In 1992 Doe was an altar boy at St. Jerome Parish, and it was there that he says he endured repeated sexual abuse by now-defrocked priest Father Edward Avery, Rev. Charles Engelhardt and former archdiocese school teacher Bernard Shero.

“He was passed around between these men like a piece of meat,” says McLaughlin. “It was disgraceful, and his life really fell apart as a result.”

When it comes to cases likes these, McLaughlin says the biggest challenge is coping with the attacks hurled at his clients and himself.

“I sat through two weeks of the criminal trial for Engelhardt and Shero, and his lawyers called my guy a dirtbag, scumbag, drug addict, criminal. You name it. They even pointed me out in court and said, ‘See! There’s his jackpot jury lawyer!’ I was outraged,” says McLaughlin. “I’m representing someone who has been serially abused by these guys, and they’re calling me some kind of bastard because I’m trying to get him compensation for having his life thrown into a downward spiral? Unconscionable!”

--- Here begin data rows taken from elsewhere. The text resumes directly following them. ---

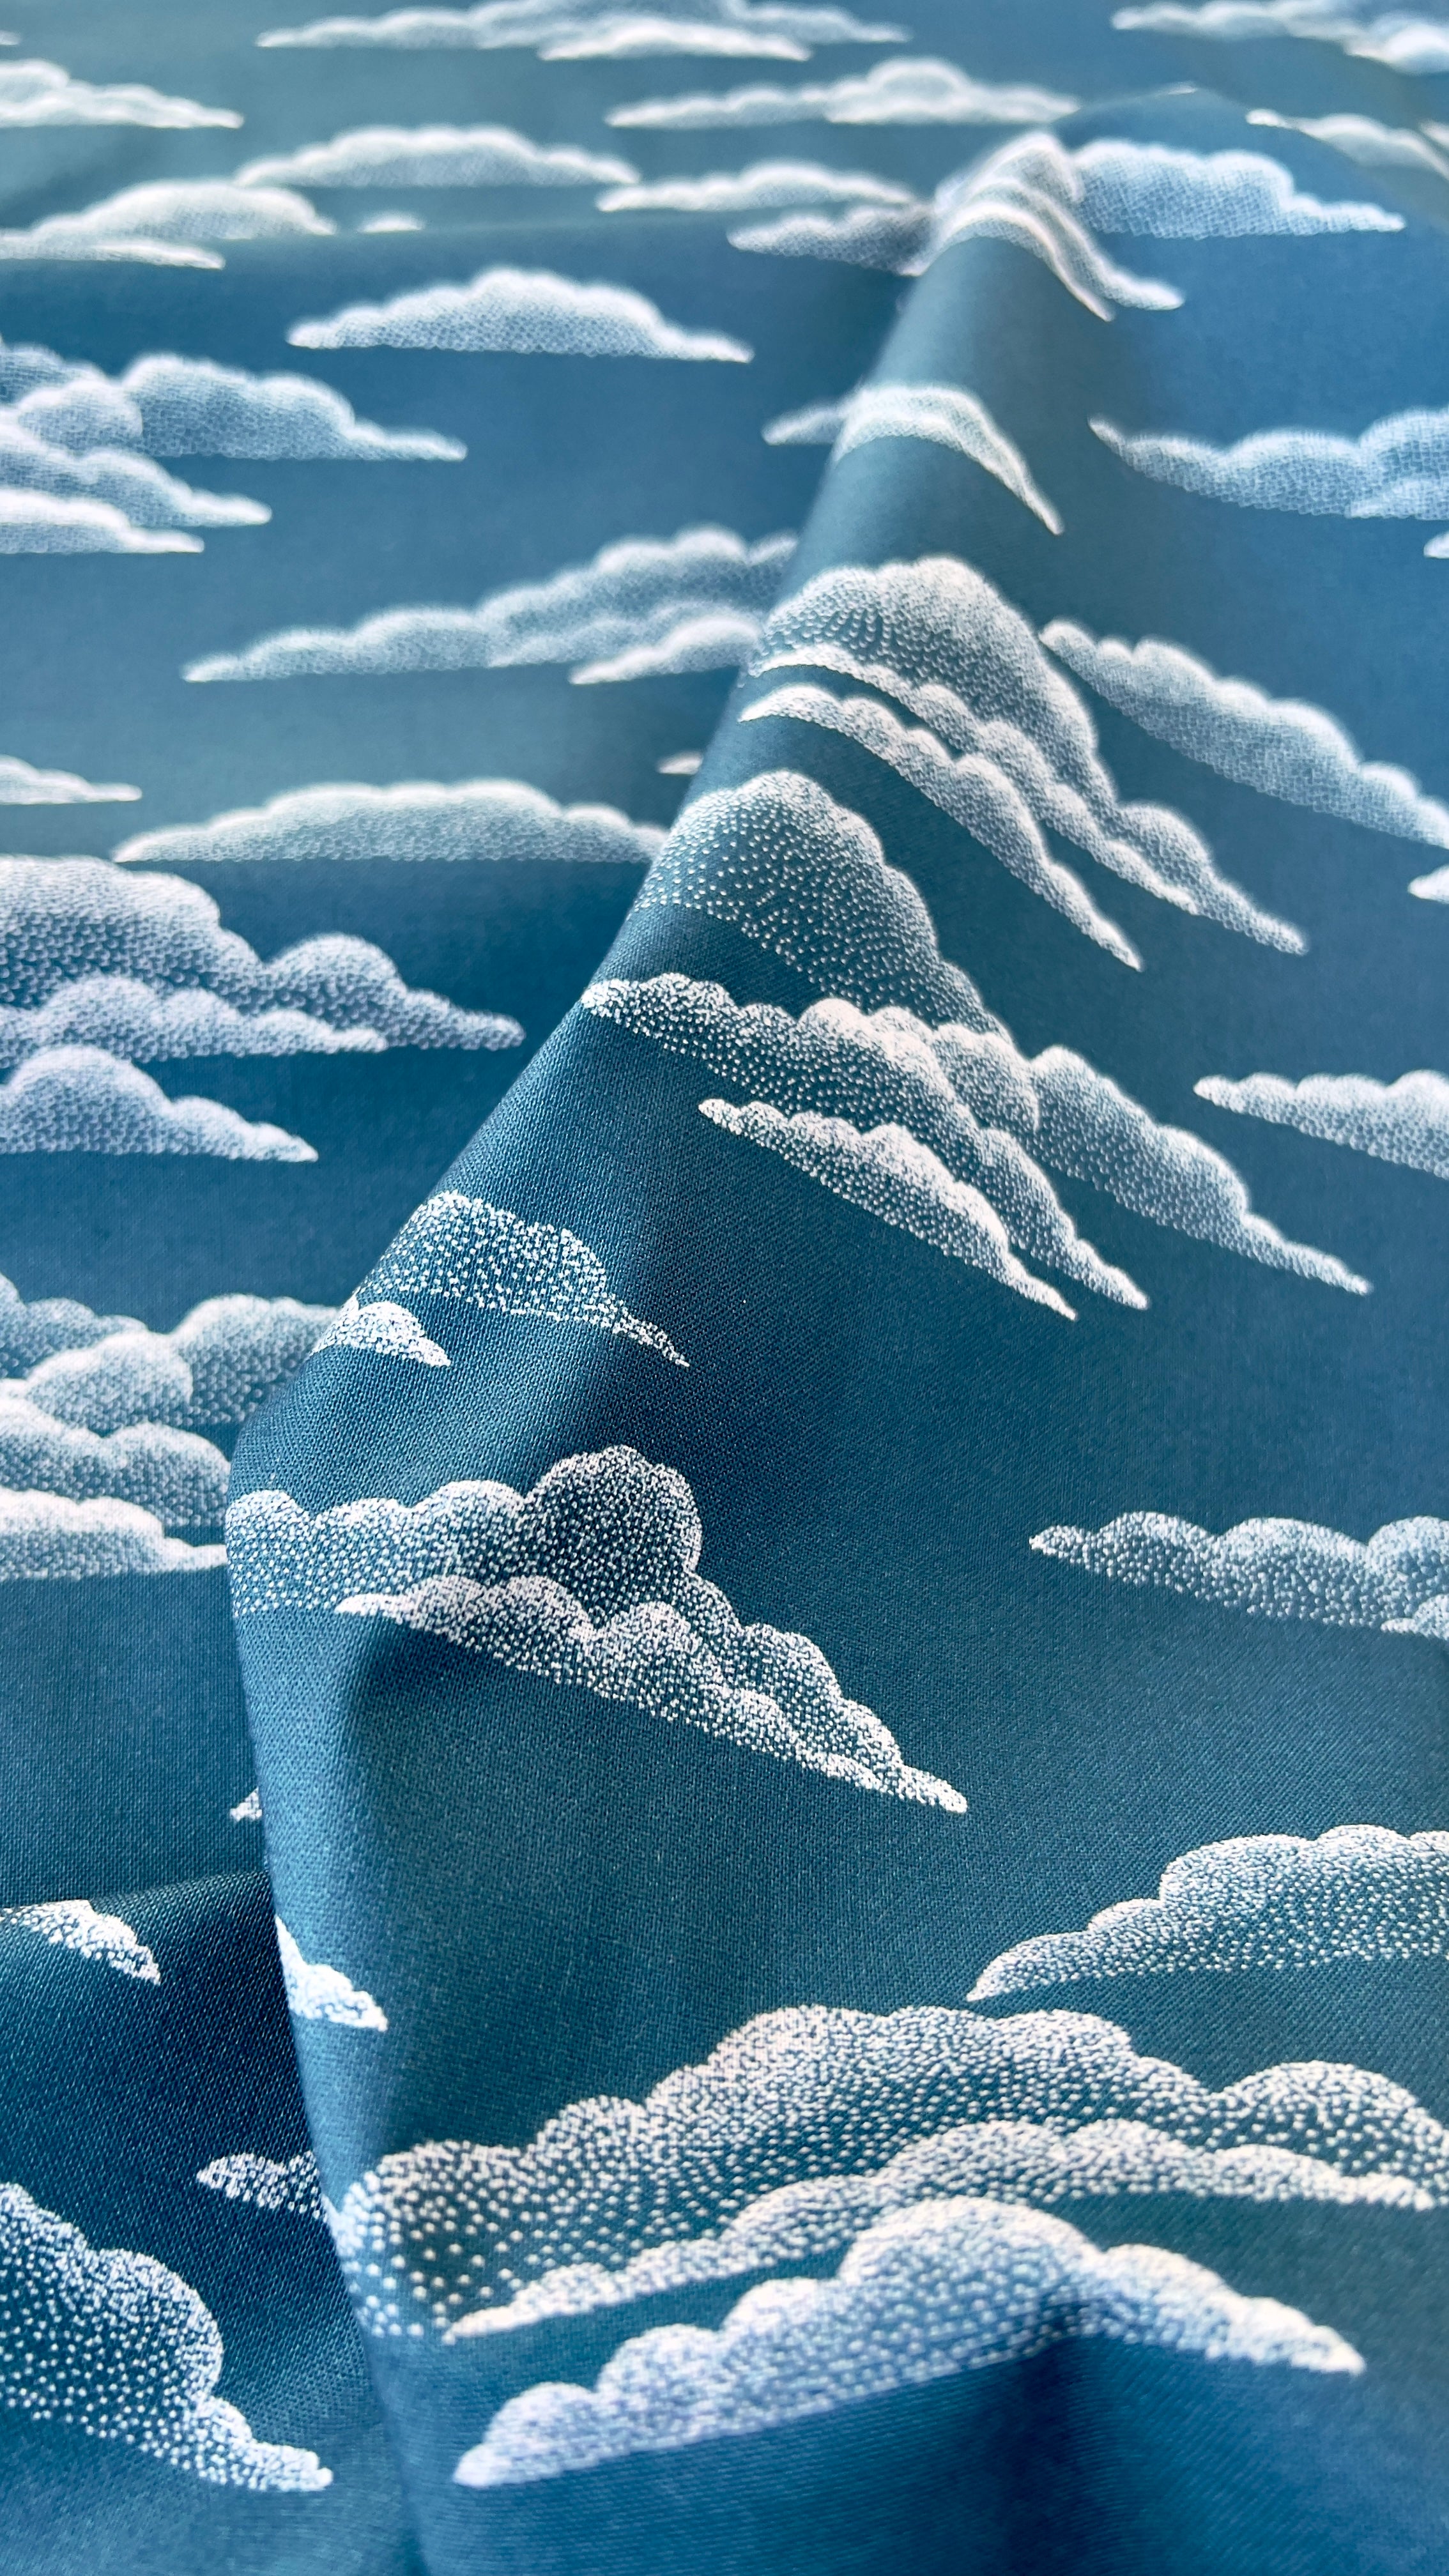 Baltic Woodland - Light Clouds Organic Cotton from Cloud9 Fabrics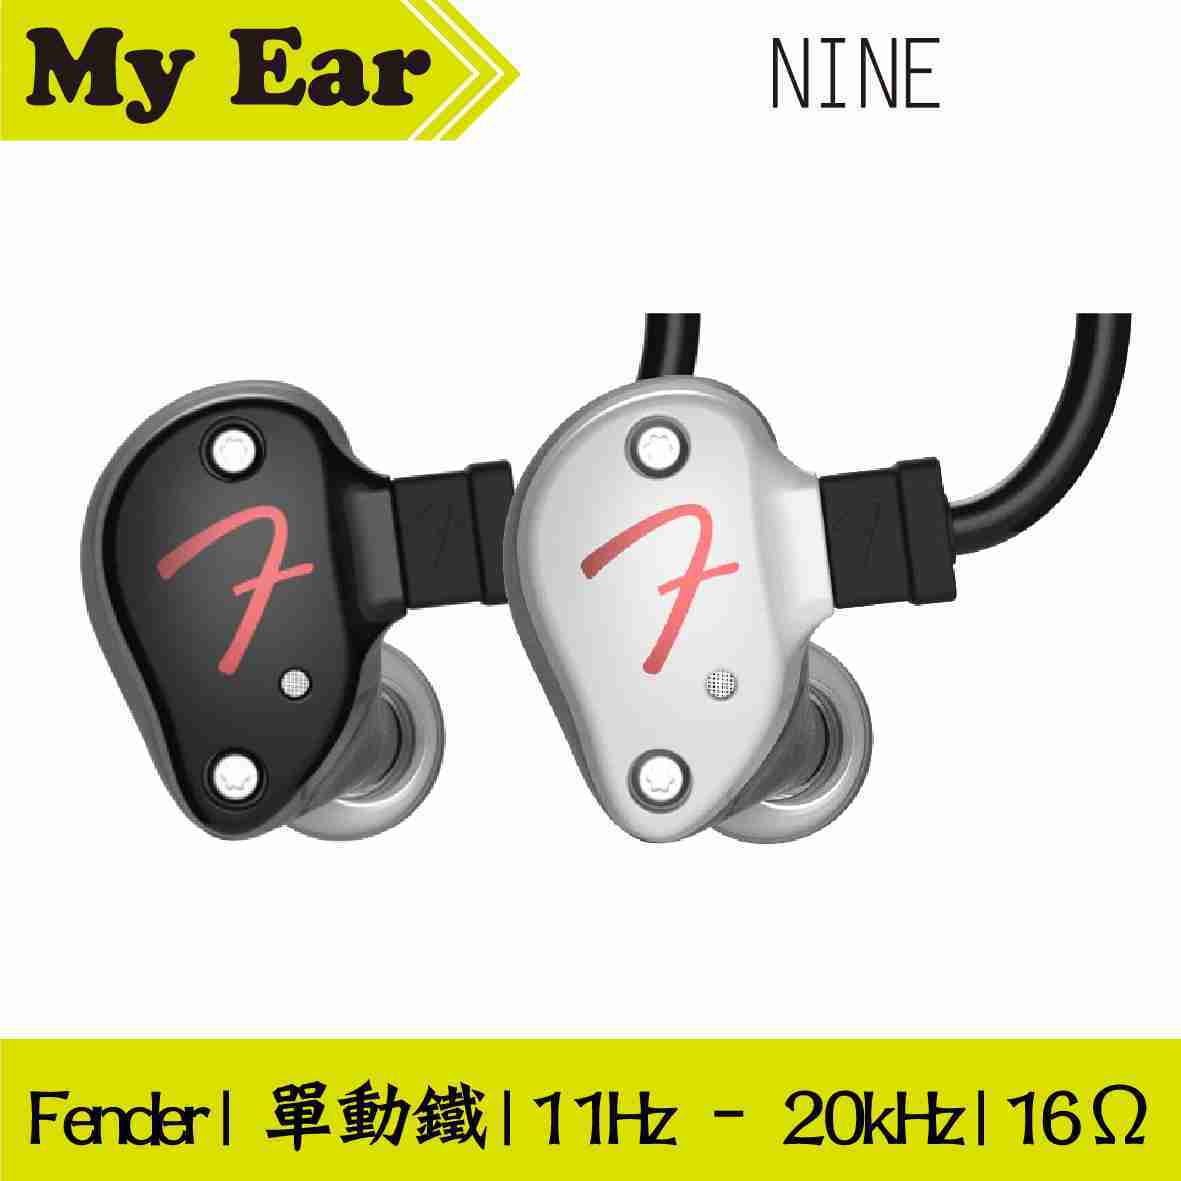 Fender NINE 黑色 耳道式 監聽 耳機 Pro IEM | My Ear耳機專門店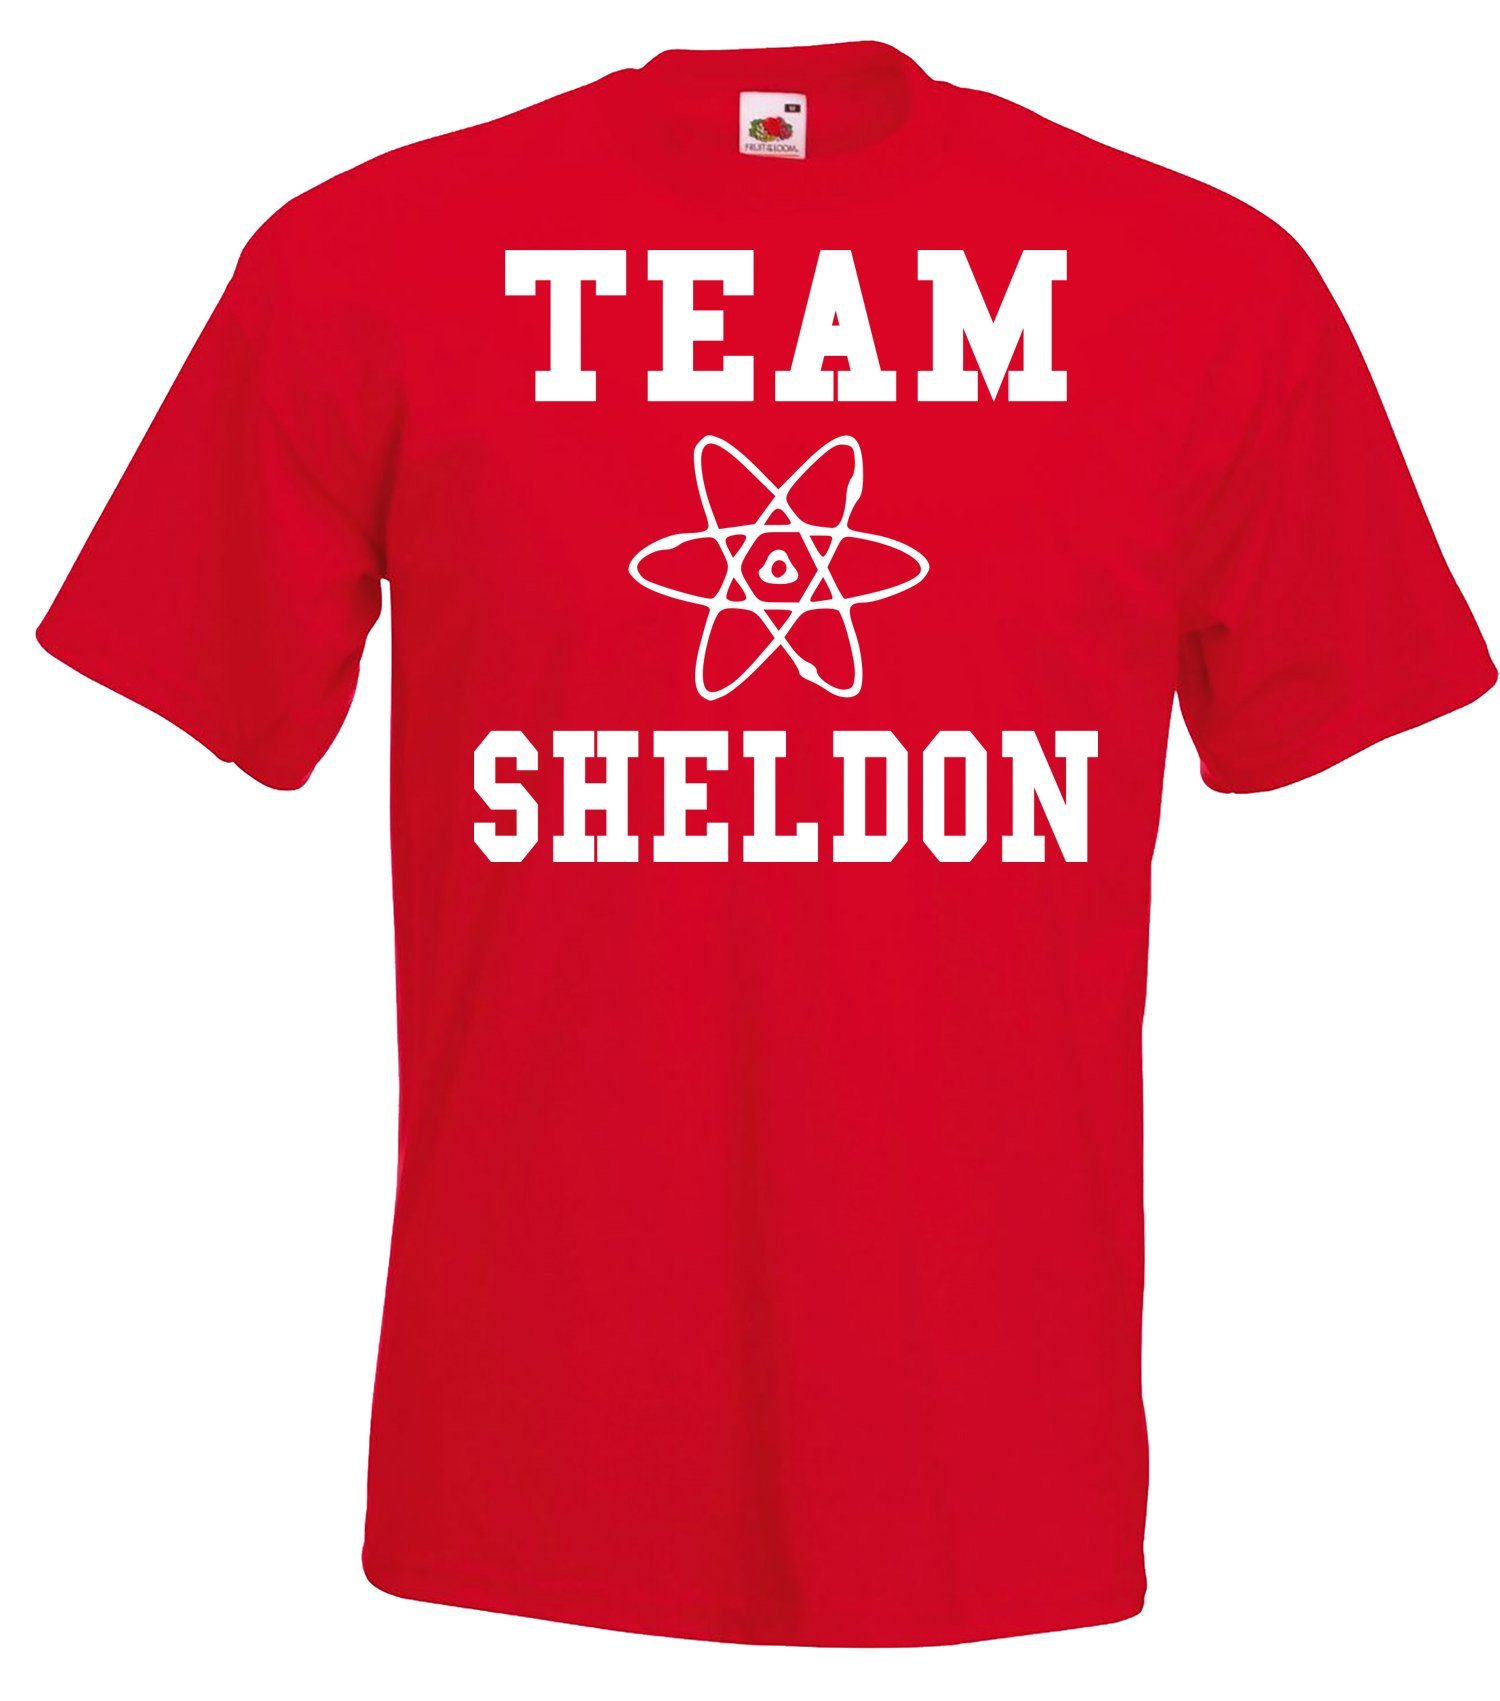 Team mit Navyblau Herren T-Shirt Designz Youth Sheldon trendigem Motiv T-Shirt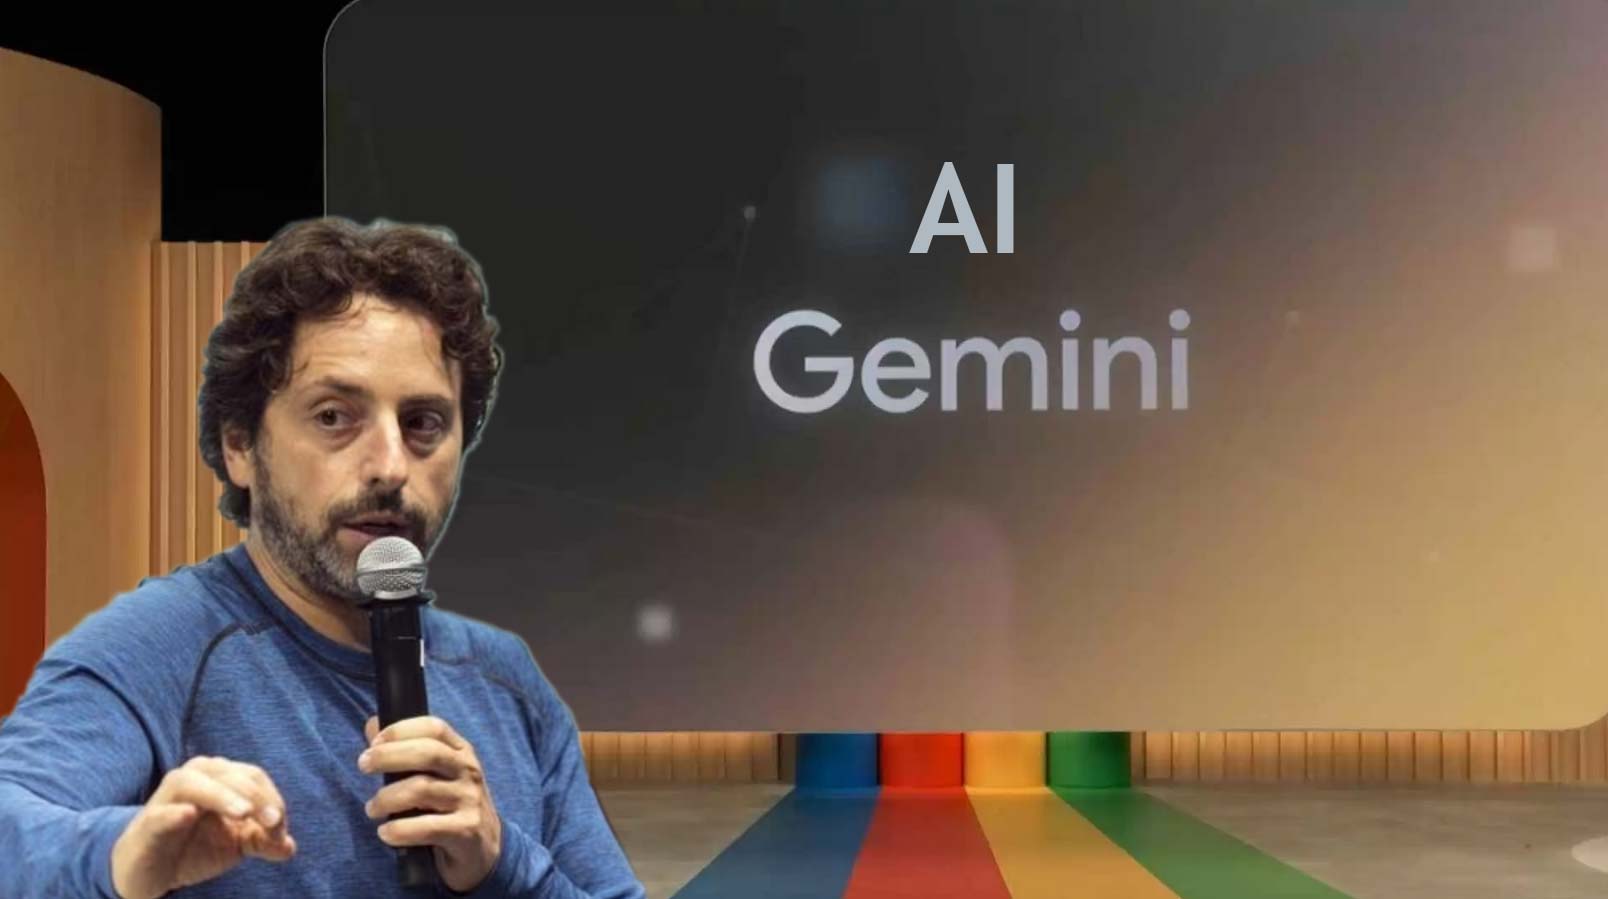 Sergey Brin has returned to Google to work on the secretive AI Project Gemini

Despite the emotionally charged nature of these cases, Boni says McLaughlin remains levelheaded.

“It’s almost a throwback to a bygone era of bedside manner,” says Boni, who has worked with McLaughlin on both cases and calls him a superb trial attorney. “Slade goes out of his way to make sure his clients are comfortable, that they get counseling if they need it, and that they can handle the emotional rollercoaster of court. He has a sixth sense about what makes people nervous and then he calms them in remarkable ways.”

Four years ago, McLaughlin represented a man who lost both legs in a bulldozer accident. One Saturday night, the man called McLaughlin at home and on his cell and told him he wanted to kill himself. McLaughlin stayed on the phone with his client for more than an hour, calming him and possibly saving his life.

“This job isn’t just about being a lawyer,” says McLaughlin. “It can be difficult sometimes, dealing with so much misery. But I try not to focus on the negative aspects of what people bring to the table. I try to focus on how I can help them and make them better. I can’t heal a brain-damaged child. I can’t take away the sexual abuse that someone has suffered. But I can help them find some closure.”